Pitting is very common to CS knives. Don't confuse pits with corrosion. Pits accompany the manufacturing process. Also if you read the info on Sabatiers at the Best Things, it's quite common for the blade to be slightly curved as mine are and it makes no difference in performance unless the curve is severe.

This is what I use for all of my knives: https://www.sharpeningsupplies.com/Norton-3-Stone-IM313-System-P48C65.aspx

When using the fine india stone I first push the edge lightly into the stone for a few strokes on each side. Then I draw the blade in reverse for a few strokes on each side. The finer the stone, the lighter the pressure.


----------



## kokopuffs (Aug 4, 2000)

grekko said:


> ...........I don't generally go for used knives because most of the carbons have pitting along the blade..the corrosion and such I can fix from home but for the piting and dents I think the only way would be to sand the blade which will make the blade much more thin


Nope! All I do to remove any "staining" and CS will, indeed stain or discolor, is moisten the blade, sprinkle some dutch cleanser like Barkeeper's Friend onto it, and rub with a cork.
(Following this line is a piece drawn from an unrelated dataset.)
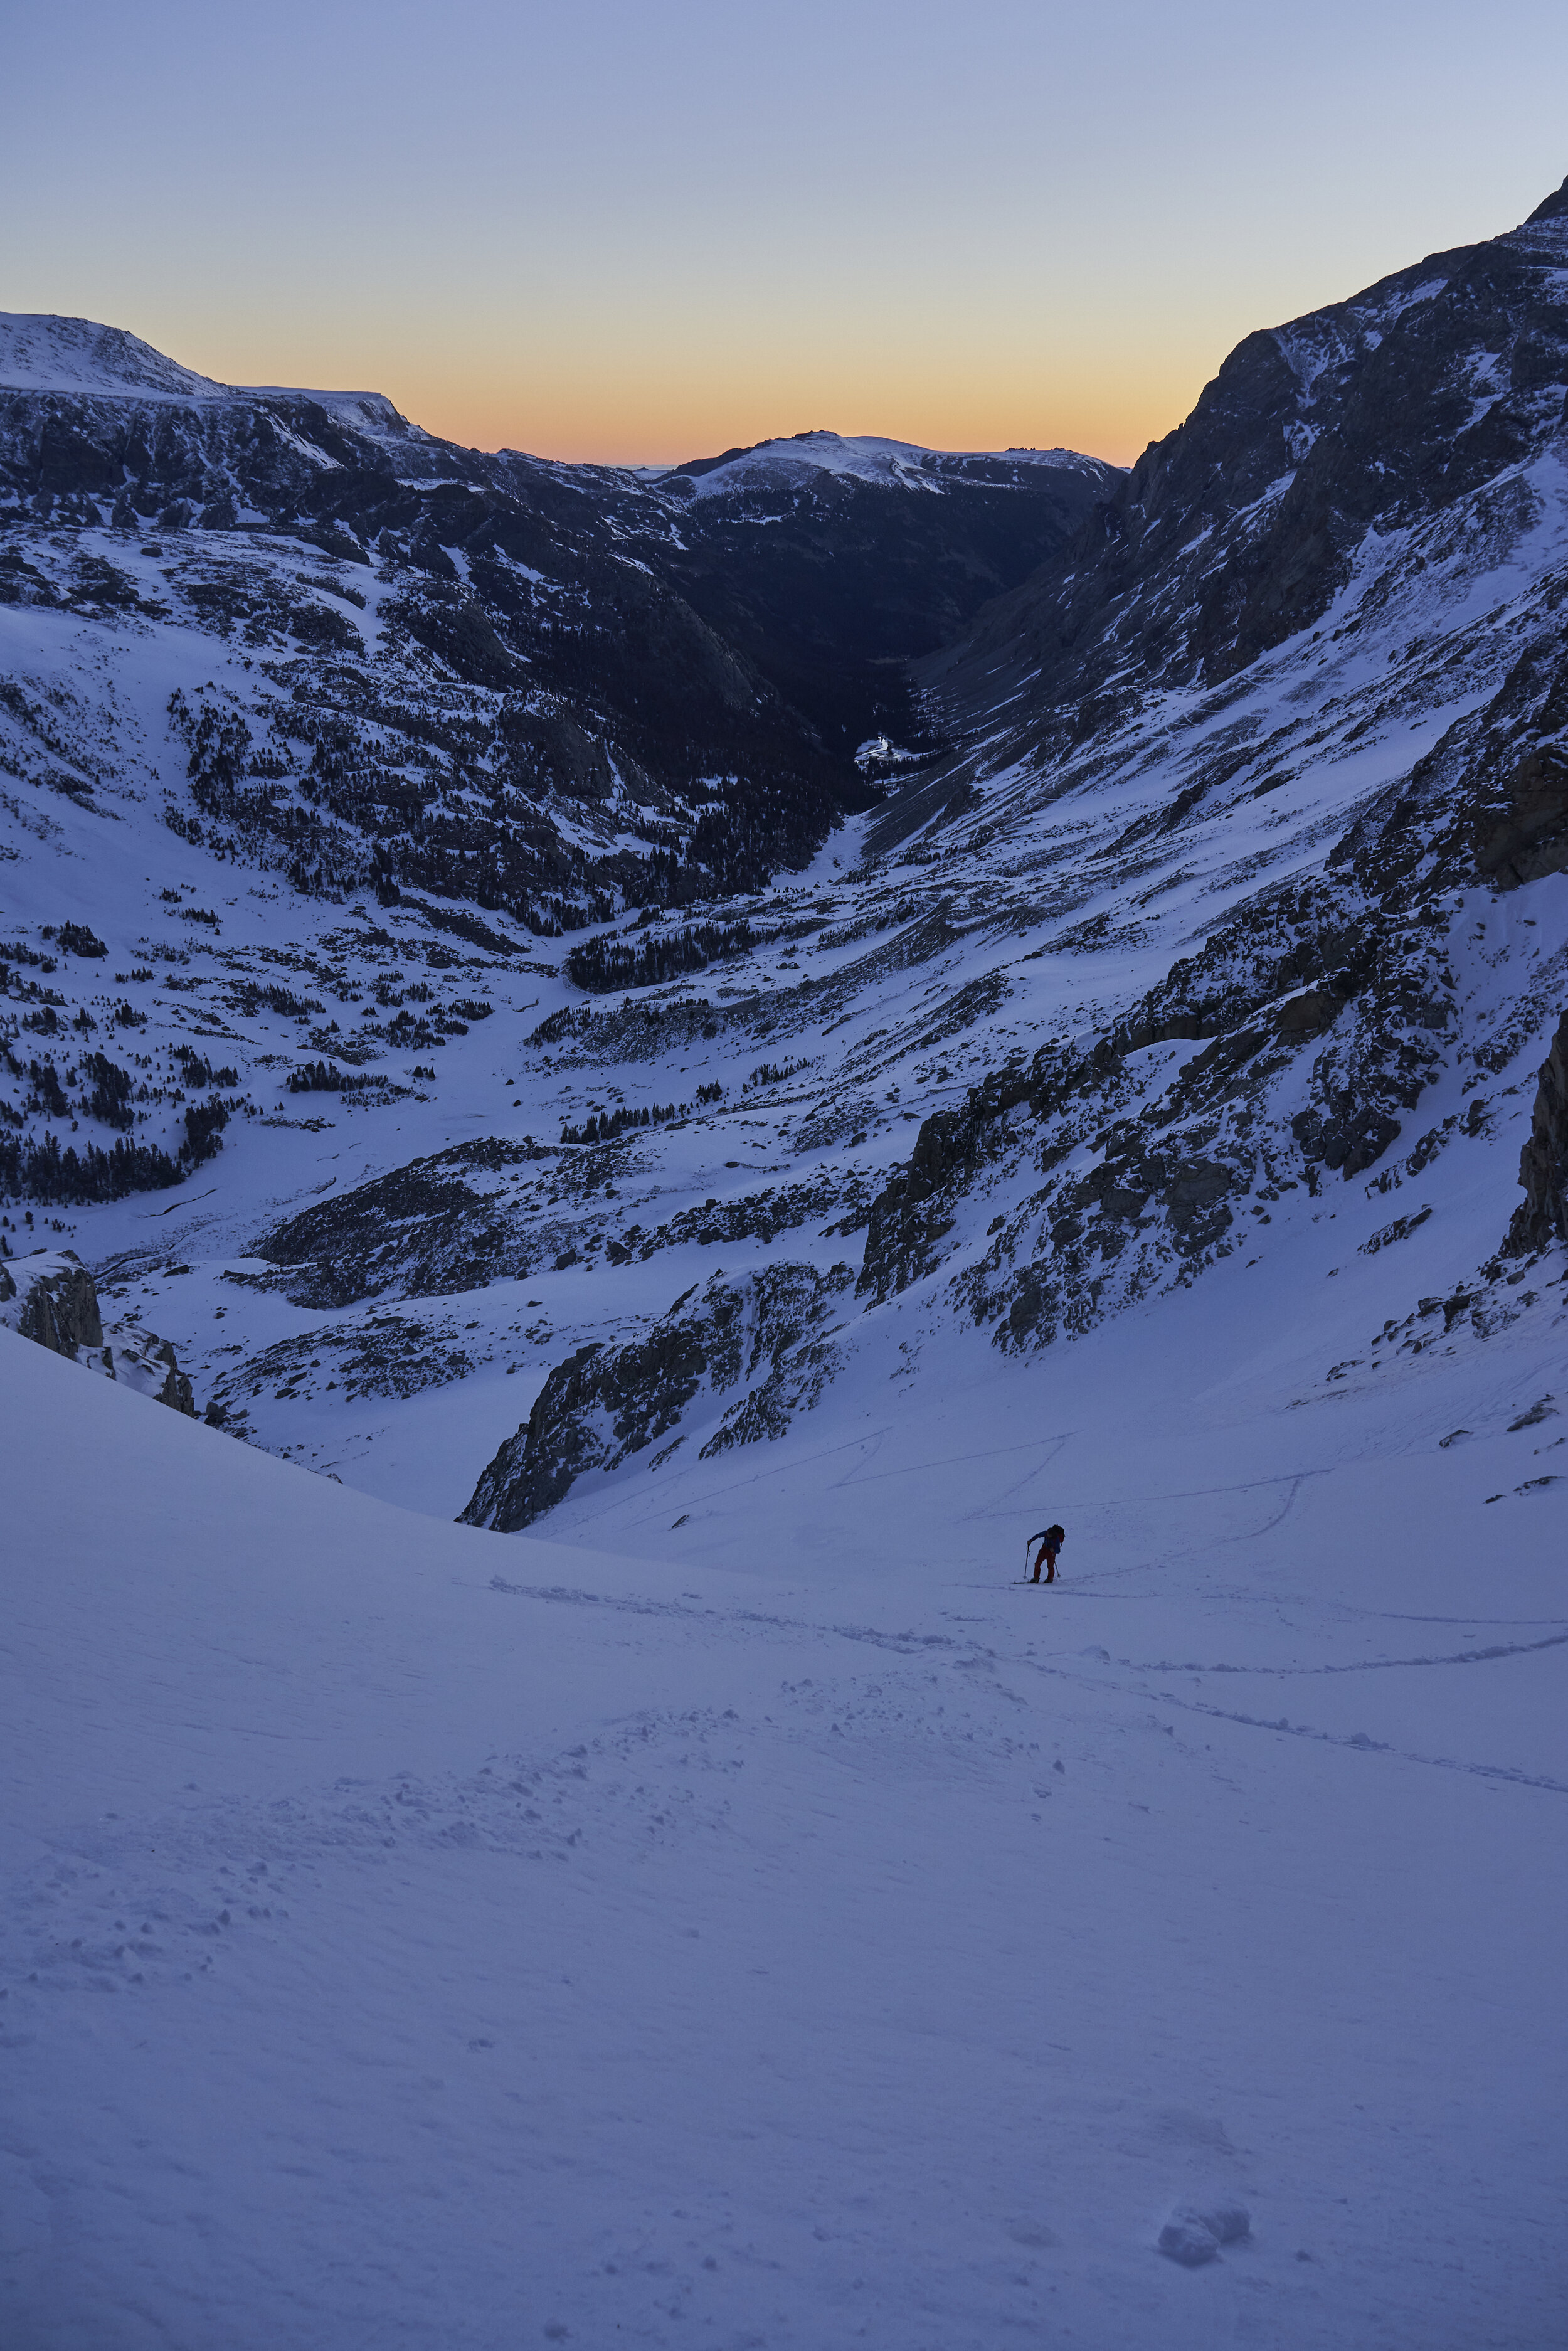 Skinning up the North Couloir of Whitetail

Works wonders.

Please lemme' know @grekko that you received the pics.


----------



## foody518 (Aug 6, 2015)

If you are okay to deal with carbon steel knives, I would also suggest looking at Misono Swedish, Suisin HC, etc.


----------



## grekko (Mar 2, 2017)

kokopuffs said:


> Pitting is very common to CS knives. Don't confuse pits with corrosion. Pits accompany the manufacturing process. Also if you read the info on Sabatiers at the Best Things, it's quite common for the blade to be slightly curved as mine are and it makes no difference in performance unless the curve is severe.
> 
> This is what I use for all of my knives: https://www.sharpeningsupplies.com/Norton-3-Stone-IM313-System-P48C65.aspx
> 
> When using the fine india stone I first push the edge lightly into the stone for a few strokes on each side. Then I draw the blade in reverse for a few strokes on each side. The finer the stone, the lighter the pressure.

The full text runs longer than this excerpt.